Abdomen robust, almost symmetrical, longer than wide (1.06-mm long, 0.46-mm
wide), with 7 visible abdominal segments; covered by wings bearing dense transversal
rows of microtrichia; abdominal segment I damaged; abdominal segments I-IV lateral;
abdominal segment VII tapering, with dense transversal rows of microtrichia and long
terminal setae, without protruding tube.
Palaeoenvironment: The majority of extant thrips are phytophagous, while a few
others are mycophagous or predaceous. Some of them damage crops and horticul-
tural plants. A few are significant pollinators (Zhang et al. 2019).

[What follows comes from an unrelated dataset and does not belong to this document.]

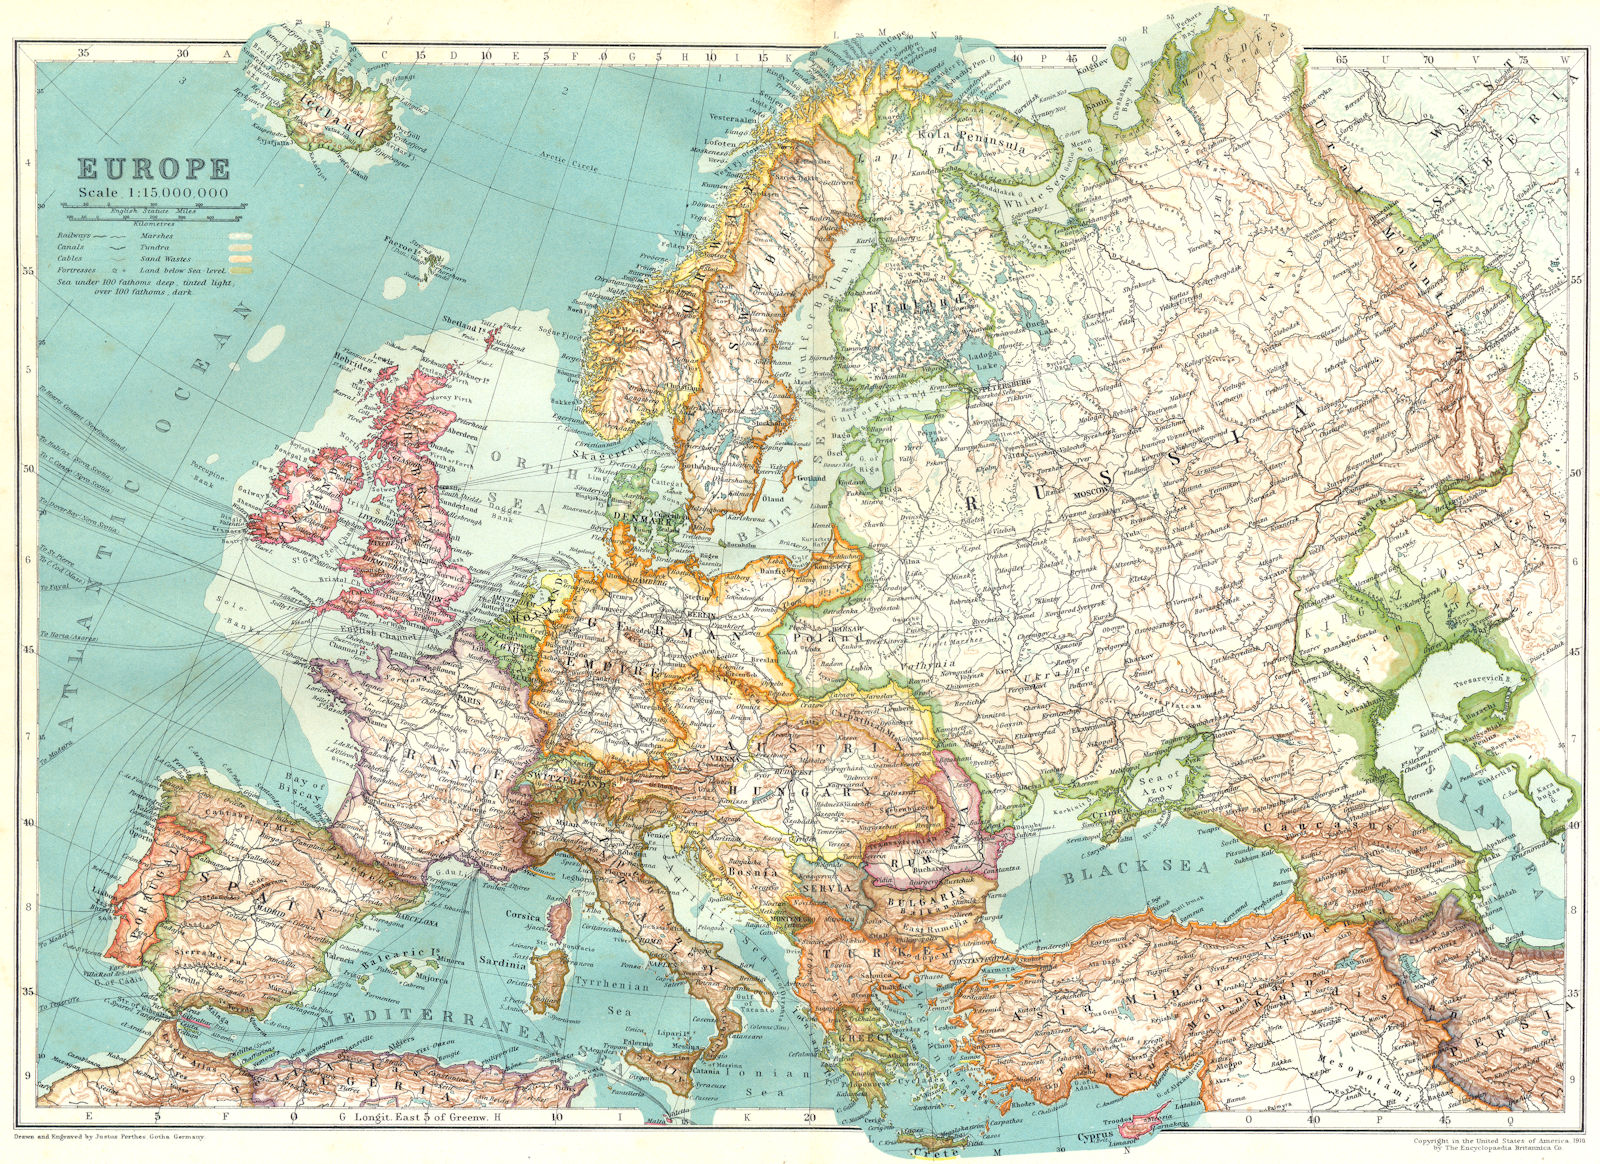 EUROPE. Europe 1910 old antique vintage map plan chart

Notwithstanding that
there would have been multiple switches in feeding habits during the evolution of thrips,
leaf-feeding is considered to be a plesiomorphic character (ancestral), while flower-
feeding is a derived state (Zhang et al. 2019). The thrips was preserved underneath
Afriparosiphis adamas Mnguni, Badenhorst and Bamford, a species of an aphid
described and informally named in another work. This suggests that aphids and thrips
co-existed.
Remarks: Unfortunately, the specimen was damaged when the late Dr. I.J. McKay
attempted to expose more of it. Initially, only the abdomen and a bit of the thorax were
visible. Curiosity led to more exposure of the specimen. It turned out to be worth the
effort; however, this exercise damaged the fossil in the end. Fortunately, it has
enough characters to still warrant its description. We have decided not to name
it because it lacks diagnostic characteristics.
Discussion
The work reports on a specimen belonging to Terebrantia. It shares morphological
resemblance with Cretothrips antiquus Grimaldi (Grimaldi et al. 2004). Thrips are
known to be one of the earliest gymnosperm pollen feeders and pollinators since the
Late Permian (Peñalver et al. 2012). There are two species of Gymnopollisthrips
Peñalver, Nel & Nel that have been reported to be early pollinators of Mesozoic
gymnosperms. However, they became more prevalent in the Early Cretaceous. To
support this notion, syninclusions of pollen have also been found in some specimens
(Peñalver et al. 2012). Many living adult thrips can be found with one or more pollen
grains on their bodies. However, pollination requires an experimental proof of pollen
transfer. No study has been done on this. An accidental pollination remains possible,
as is the case with many other insect pollinators.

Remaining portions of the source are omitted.